Für 35 Prozent der 14- bis 29Jährigen steht bereits fest: Sie wollen in den kommenden zehn Jahren eine Immobilie kaufen, geht aus dem Vermögensbarometer des Deutschen Sparkassen- und Giroverbandes (DSGV) hervor.

Die Mehrheit kann es sich leisten: Marktuntersuchungen zufolge sind in MV 70 Prozent der Haushalte in der Lage, ein ortsübliches Eigenheim zu kaufen, erklärte Werner Schäfer, Vorstandschef der LBS Ostdeutsche Landesbausparkasse. Die Wohneigentumsquote liege aber im Nordosten nur bei 33 Prozent. Zum Vergleich: In Schleswig-Holstein liegt sie bei 47 Prozent.

Das meiste Geld fließe derzeit in Mecklenburg-Vorpommern in den Kauf von Bestandsimmobilien. Ein- oder Zweifamilienhäuser, auch vermietete gebrauchte Eigentumswohnungen – „das läuft“, meinte Wahsenak. Allein die LBS Immobilien vermittelte in den neuen Ländern im vergangenen Jahr 3900 Objekte für einen Kaufpreis von 386 Millionen Euro – das beste Ergebnis seit 24 Jahren. In MV seien 780 Immobiliengeschäfte vermittelt worden. Der Preis: 101 Millionen Euro.

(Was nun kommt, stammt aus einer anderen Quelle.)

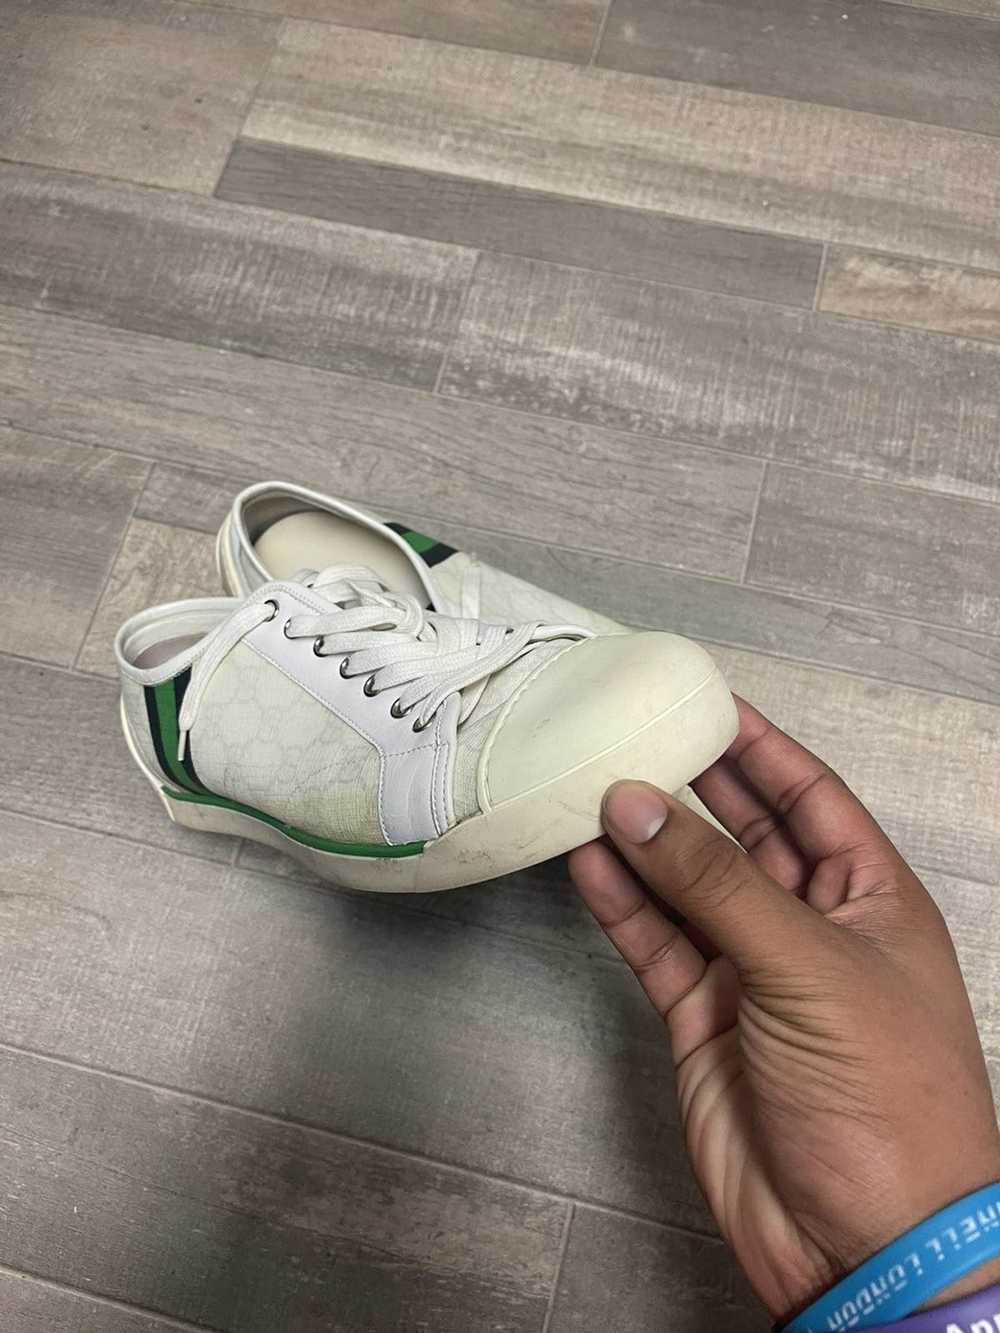 Gucci White Leather Interlocking G Ace Low Top Sneakers Size 39 Gucci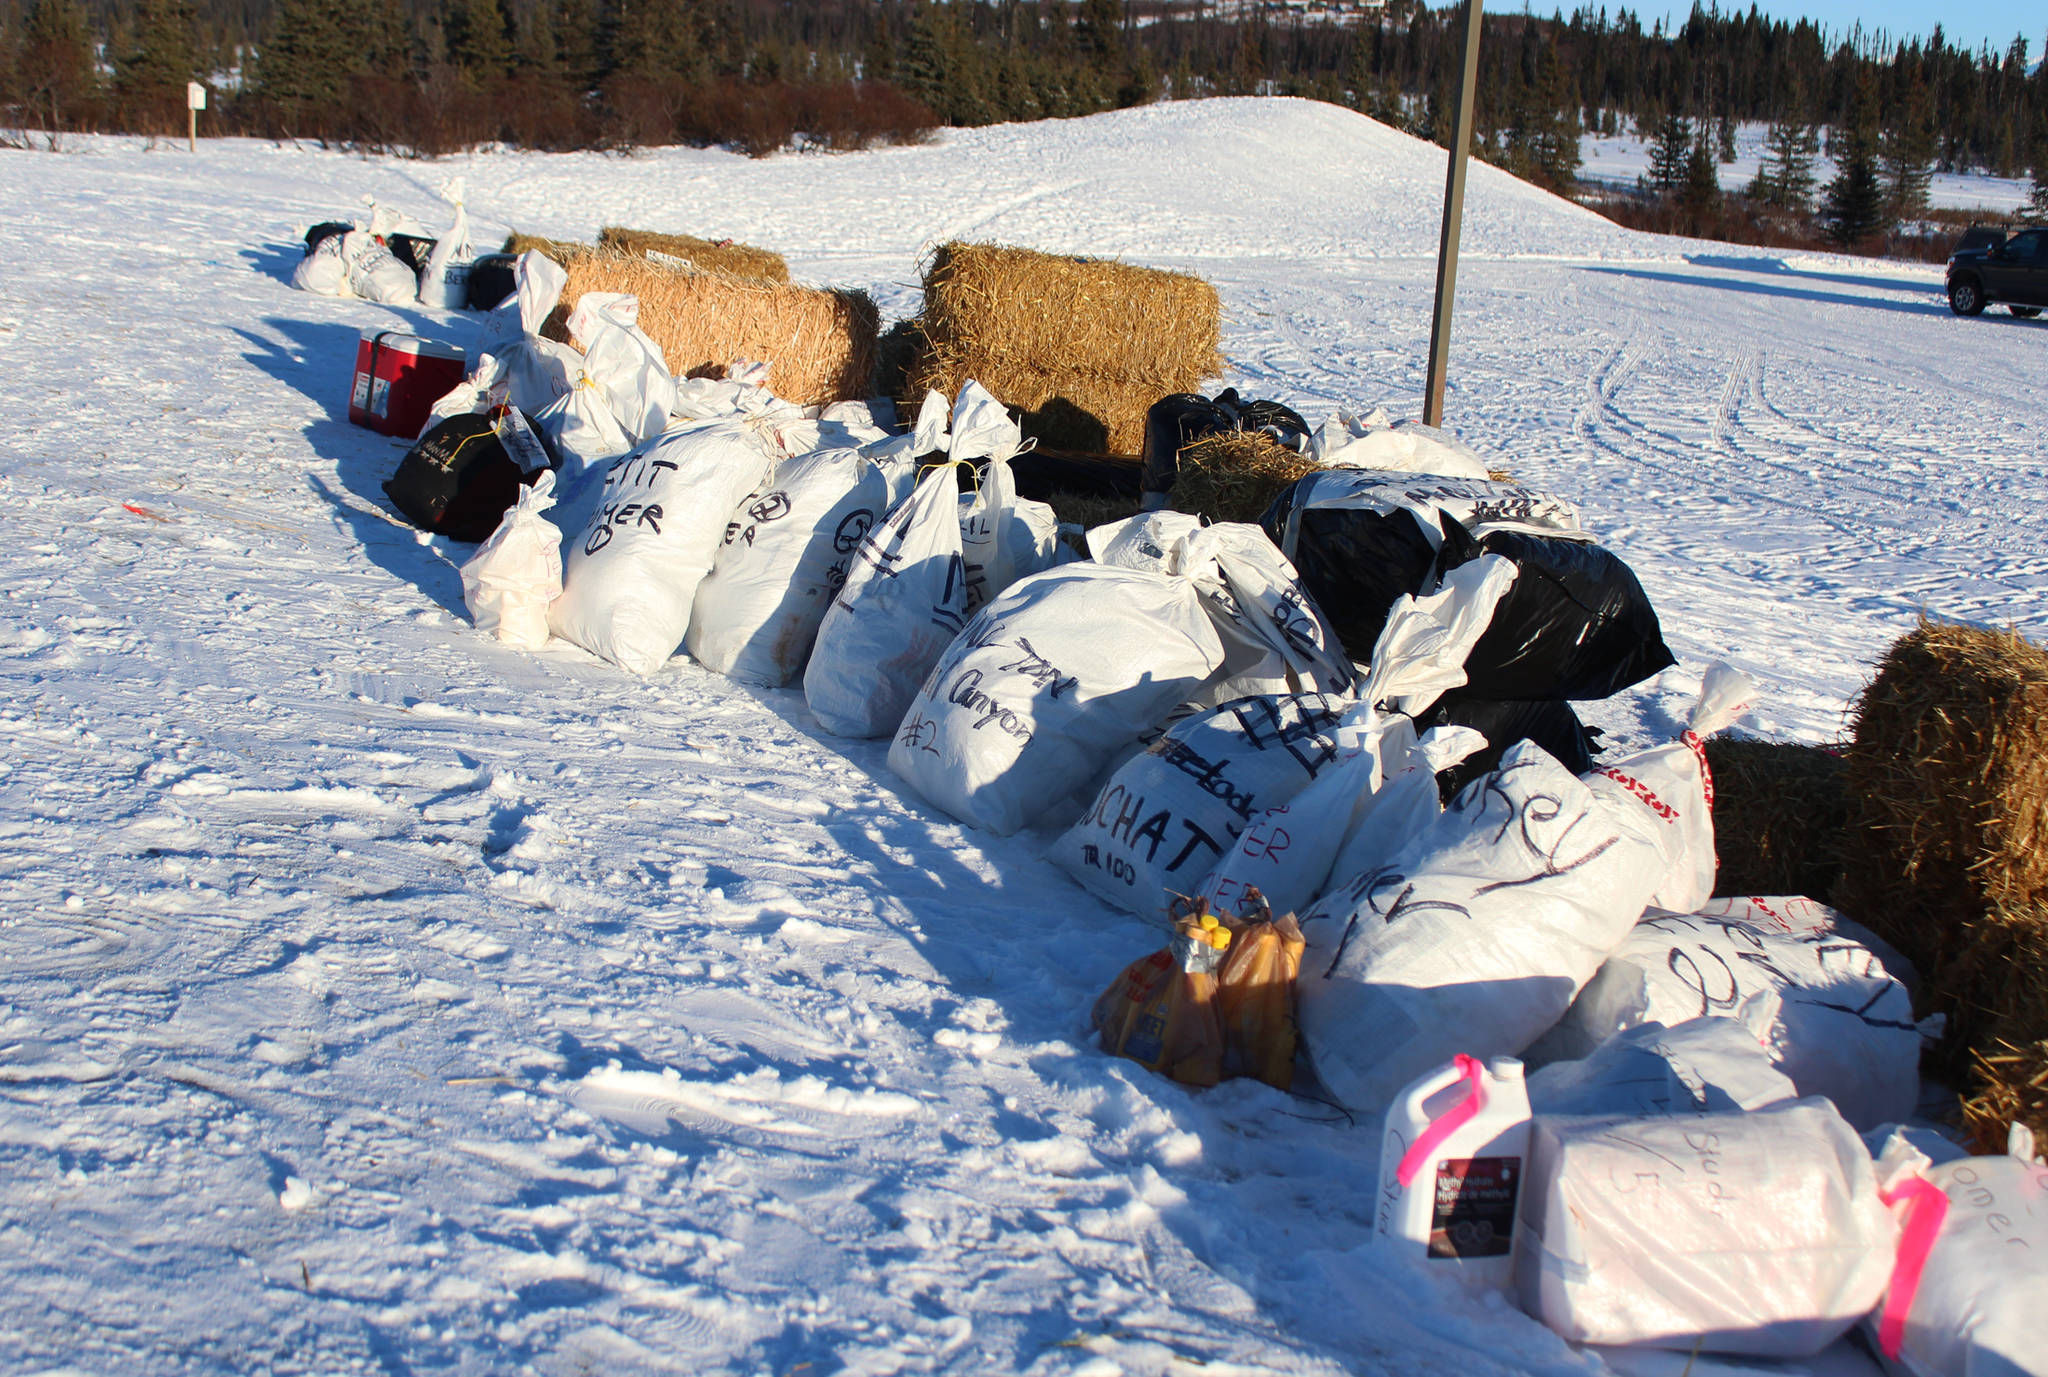 Bags of supplies and bales of hay await their corresponding mushing teams at a race checkpoint Saturday, Jan. 27, 2018 outside McNeil Canyon Elementary School near Homer, Alaska. (Photo by Megan Pacer/Homer News)

Dabei greifen immer mehr Verbraucher beim Hauskauf auf Bausparverträge zurück. 2013 habe sich der Gesamtbestand an Bausparverträgen bei der LBS Ostdeutsche Landesbausparkasse erneut erhöht – um 1,4 Prozent auf 23,2 Milliarden Euro, teilte LBS-Chef Schäfer mit.

In MV seien im Vorjahr 18 500 neue Verträge abgeschlossen worden, in den neuen Ländern 141 000. Im Schnitt liege die Bausparsumme in MV bei 24 000 Euro. Inzwischen sei die Bausparsumme bei der LBS auf einen Bestand von 21,3 Milliarden Euro gestiegen. Das würde reichen, um 145000 Häuser zu bauen, sagte Schäfer.